Silent travel often has an environmental component, where you focus on your surroundings to assess and appreciate your connection to the earth.

Related: Pop-Up Hotels: The Future of Luxe Travel Accommodations in 2023 and Beyond

Where Did Silent Travel Start?

Silent travel has ancient roots in the Buddhist practice of Vipassana, which translates to “seeing things as they really are.” One of Vipassana’s most famous pop culture references is in Elizabeth Gilbert’s memoir Eat, Pray, Love, (also a 2010 movie starring Julia Roberts). There is also a similar Hindu practice.


Condé Nast points out that one of the risks of these spiritual practices becoming trendy is that they can veer into cultural appropriation territory if they’re trivialized or if certain practices are cherry-picked for a gimmicky vacay. In other words, doing your research before you go is essential.

These days, there are silent yoga retreats, silent nature adventures, silent meditation retreats, and a gamut of other options.
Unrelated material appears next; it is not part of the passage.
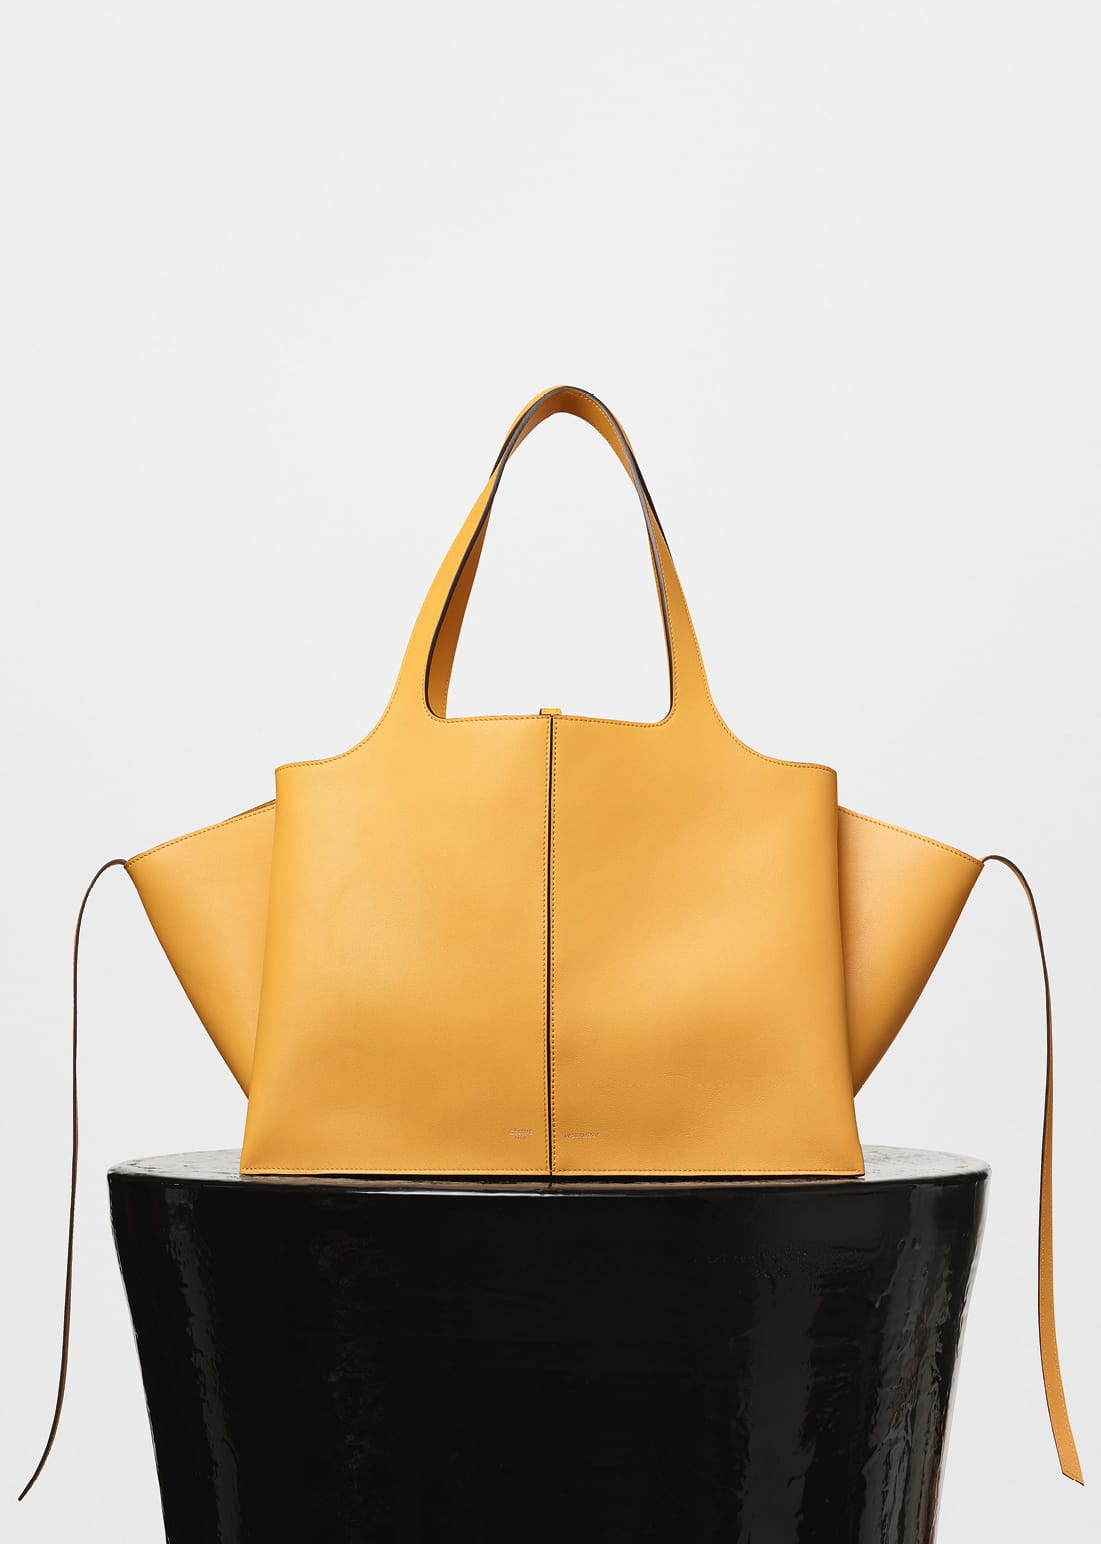 85ffca7b95af Discover Céline s New Must-Have  Tri-Fold  Bag - Savoir Flair

Related: A Travel Lover’s Guide to Decorating With Souvenirs

What Are the Benefits of Silent Travel?

Noise pollution can cause many problems, including stress and stress-related illness, high blood pressure, hearing loss, sleep disruption, and lower productivity. And while we may think of noise pollution as being outside the home, it occurs within it as well. Think of all the screens you and your family have access to. Add in appliances, fans, external noises making their way inside, pets, and a plethora of other things, and our homes can get noisy.

Meanwhile, there are plenty of positive benefits from silence and silent travel. Various research has shown that silence can help lower blood pressure, improve concentration and focus, calm racing thoughts, stimulate brain growth, reduce cortisol, boost creativity, help improve insomnia, and encourage overall mindfulness.

Now, who doesn’t want to go on a vacation that can potentially deliver all of those fantastic benefits?

Related: Canadian Travel Trends on Airbnb

What If You Can’t Afford Silent Travel?

Although a vacation or retreat sounds great, not everyone is in the financial position to take advantage of such getaways. The good news is you can try to get in touch with your inner thoughts at home, too. Incorporate silent meditation or journalling into your daily life, or take a nature walk and leave your AirPods at home. If your family tends to be loud and busy, consider adding quiet reading time or colouring to the schedule. So long as you’re taking time to reflect and look within, silence can be enjoyed just as much at home as it is abroad.